Saturday, January 17, 2015

Serendipity in Genealogy

Serendipity: n-the occurrence and development of events by chance in a happy or beneficial way.

I have read stories on other blogs regarding “Serendipity in Genealogy” and finally had a serendipitous moment of my own.

I had been researching my cousin’s Farias line.  We are related via my father and their mother.  Our parents are first cousins on my Gonzalez side.  I was trying to see if I could connect our families via a Farias relation as well.  I had followed their line back to their 2nd great grandparents Fausto Farias and Epitasia Hinojosa.

My research led me to request a film be sent from the Family History Library in Salt Lake City to a local branch close to me.  The film reel (1016452) consisted of marriage certificates for the State of Texas, Starr County 1858-1916.  I had the marriage date as it had been indexed; 26 August 1878.  Now I want to see if the marriage certificate held any unknown information.


The reel started with 1858 and I needed to unwind it 20 years.  If anyone has done this before, that can be a lot of hand cranking.  When you are looking for a specific document, you start winding like crazy, stopping periodically to see how the date has come along.

As many of you can relate, we are rarely working in only one direction at one time.  Around the same time, I had also been researching the Vela line of my brother-in-law (my sister’s husband).   I had the names of his 2nd great grandparents Severo Vela and Estafana Garcia.  I had put forth a good amount of effort but I had not been able to find evidence of their marriage in the Mexico records I had been searching.

Serendipity happened on one of my pauses unwinding the film to check the date.  I had landed on 4 July 1869.  Still 9 years off my target.  As I scanned the screen looking for a date, the name Severo Vela registered in my brain.  I blinked a couple of times and took another look.  Sure enough, in front of my face, sat my brother in law’s 2nd great grandparents marriage certificate.


I had not thought to search on this side of the border for a record of their marriage.  Subsequently, I gave myself a slap on the forehead moment, when I proved if I had just used the United States in my search parameters, I would have returned results. 


By the way, I did also net my quarry that day of the other marriage certificate. 

Sunday, January 11, 2015

He Was Just A Name

Eleno Gonzalez...

One of the first names I placed in my tree “That First Night”.  It was a named I pulled off of FamilyTree.org with an un-sourced birthdate of “abt 1900”.  Believe me, that early in my new addiction, I wasn’t worried about the un-sourced part.

But as I have built my tree out, and spent time on Findagrave.com, I wanted to know more about this brother of my grandfather.   A couple of things came together that renewed my interest in trying to fill out his details in my tree; First, my father recently pointed him out in an old picture of an Easter Egg hunt I remember being a part of in 1969.  Hmmm, I actually met this man?  Granted, I was only 7 at the time, but that is still 1 degree of separation.  And second, as I stated in an earlier posts, I am cleaning up both my tree[1] on Ancestry.com and taking the time to fix what I have seen on Familysearch.

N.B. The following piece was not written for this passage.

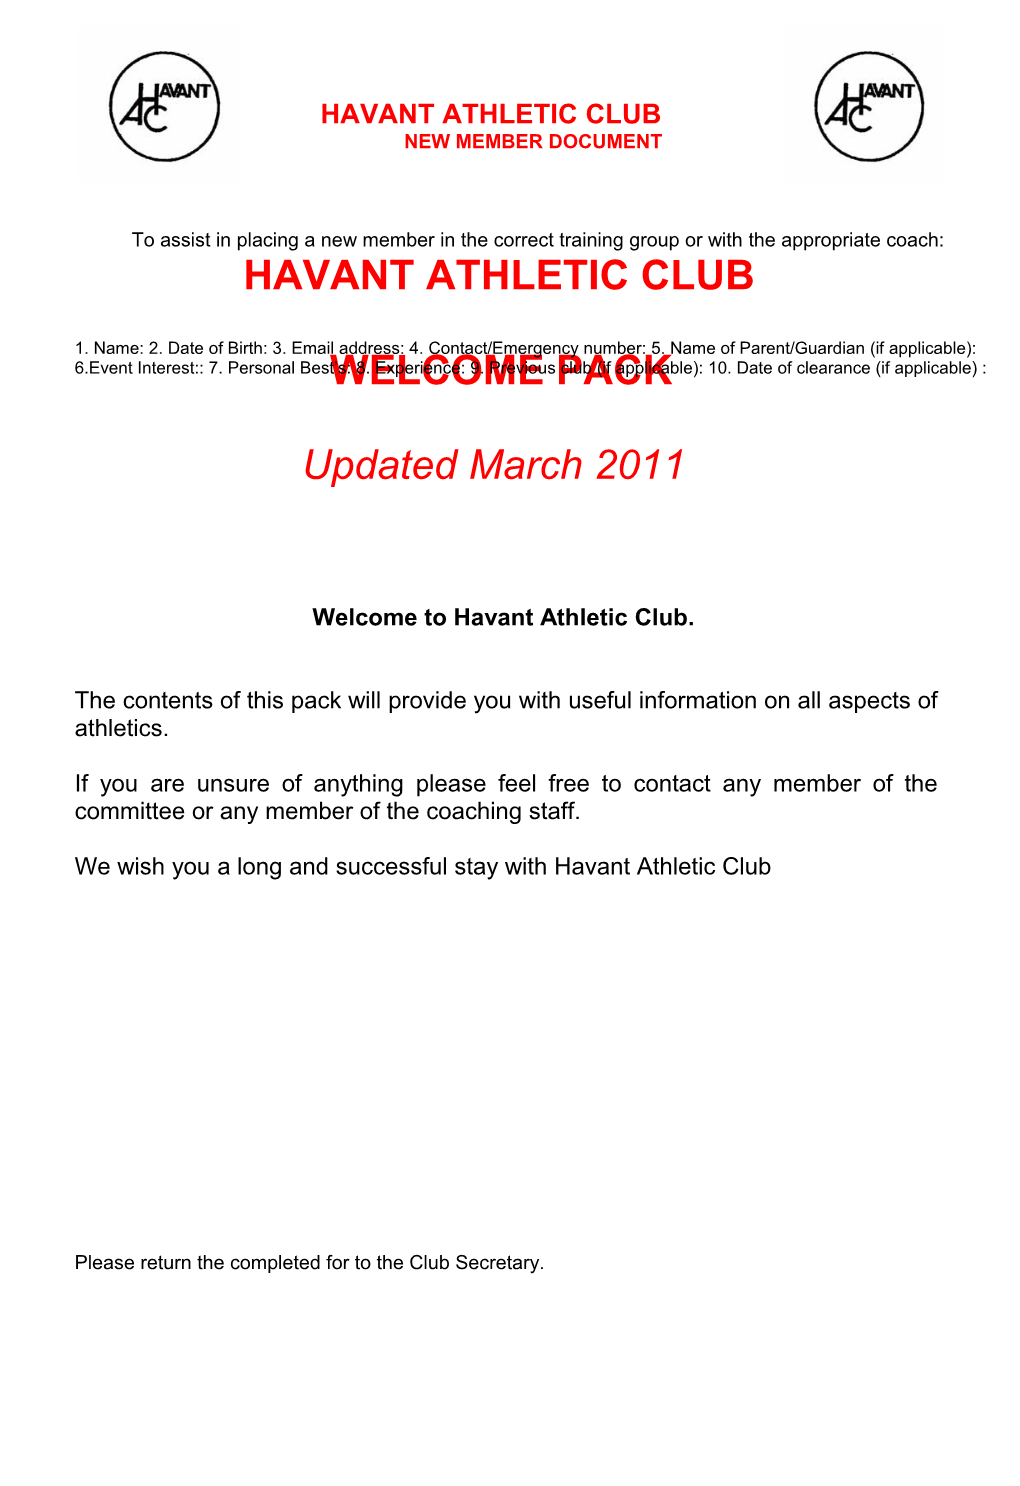 Welcome to Havant Athletic Club

I have searched for records pertaining to him several times.  He has been in my tree since day one, and Ancestry would only have 3 hints; none of which pertained to him.  Google turned up nothing.  Asking older relatives that knew of him did not yield much more.  Lived in Corpus; sold radio advertising.  But still nothing.  Hmmph. 

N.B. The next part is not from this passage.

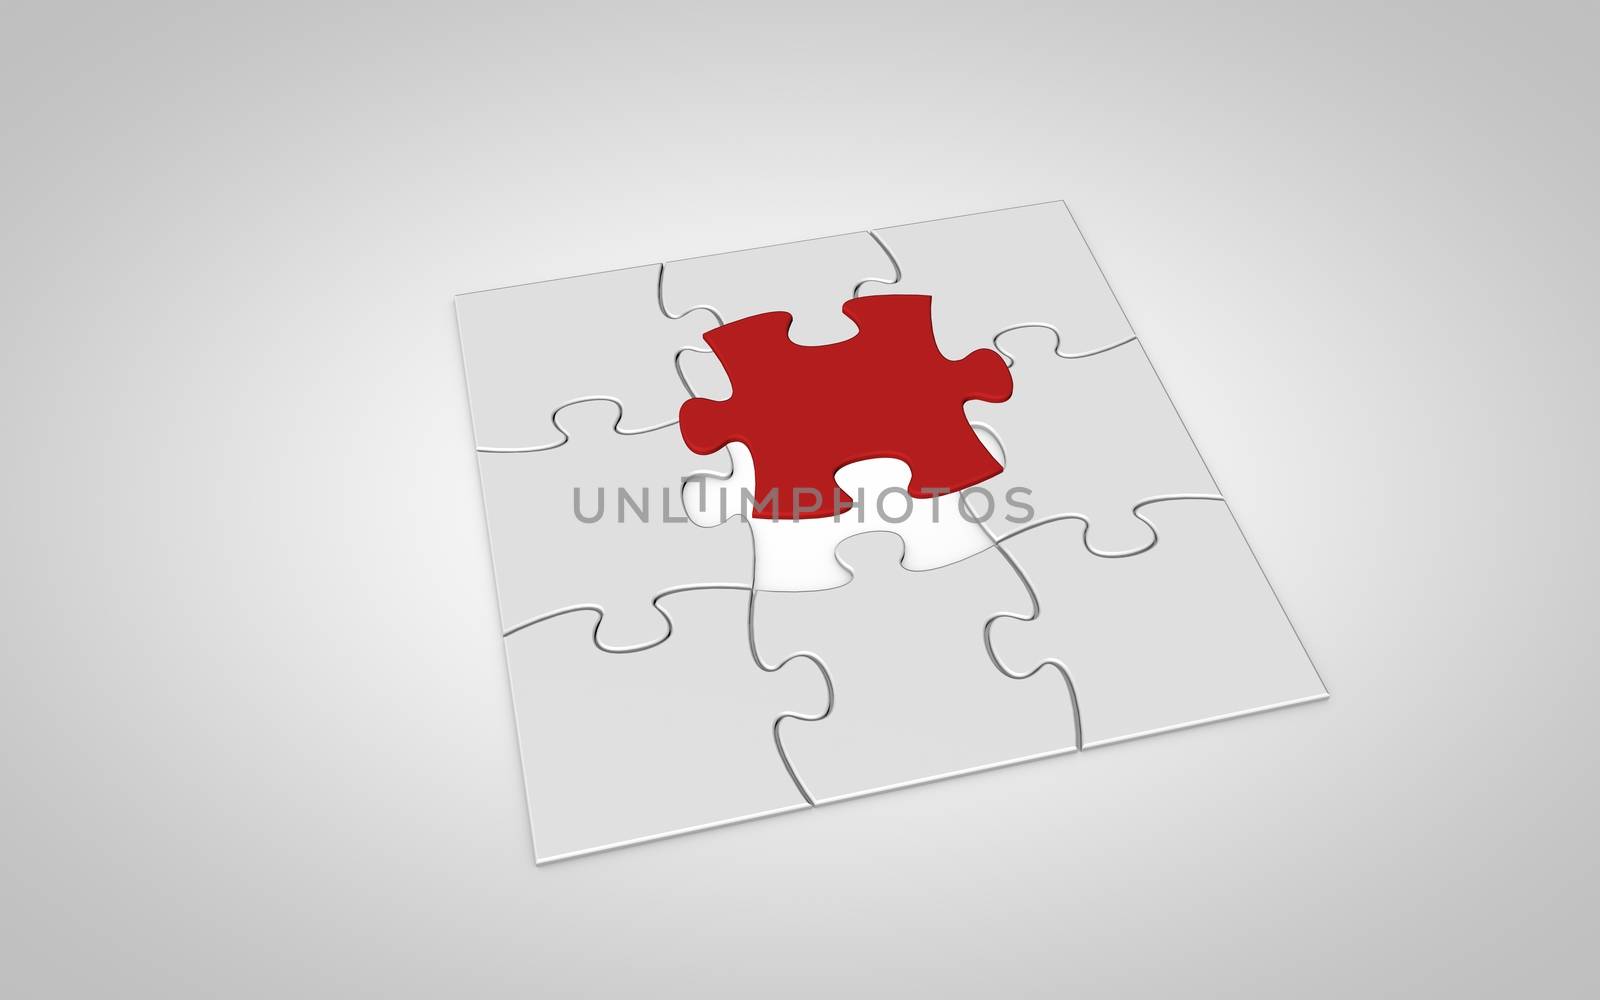 Nine puzzle pieces falling from top to white background. Final red puzzle piece falls into place.

When I got to his part of my tree it just bugged me again.  Someone had added his name and “about” birthdate on Familysearch.org some time ago and he was just kind of left like that.  He only ended up in my tree because he was tied to my g-grandparents records.

I started to dig again. 

This time I decided to try something different.  I searched for him on Ancestry without the search linking to his name in my tree.  Just a blind search; Eleno Gonzalez, DOB 1900 +- 10 years.  No parents, no siblings.  And this time I got a hit. 

It was a WWII registration document for an Eleno Gonzalez living in New Orleans in the early 1940’s.  It states he is from South Texas, and it had a birthdate that was in 1910.[2]   Hmmm, more information to search from…


So using this birthday I performed another search.  I hit on a death certificate from Corpus Christi, Texas in 1980.[3]   And low and behold, his parents are listed.  My g-Grandparents Ines Gonzales and Elena Longoria.

I have searched death certificates on Family Search with both those names listed as parents, and never came across his death certificate. 

Now that I knew I had the right guy, I started adding these records to my tree.  From that, new “Shaky leaves” popped up.   They indicated a marriage and a divorce.   They also indicated there were children from that marriage.  Cousins, I never knew of. 

Subsequently, from searches performed from that one blind search, I discovered he was married at least 2x’s, there are even more cousins I never knew of. 
Using the information I discovered, and some Internet sleuthing, I tracked down a couple of cousins from those lines on Facebook.  I messaged one of them and he responded back.  I introduced myself as a not too distant cousin and certainly unknown to each other until now.  I hope from this communication, I may learn more about this side of my family I seemed to know so little about.

And all of this because a brick wall was just bugging me so much. 

And I attempted a search with as little information as possible.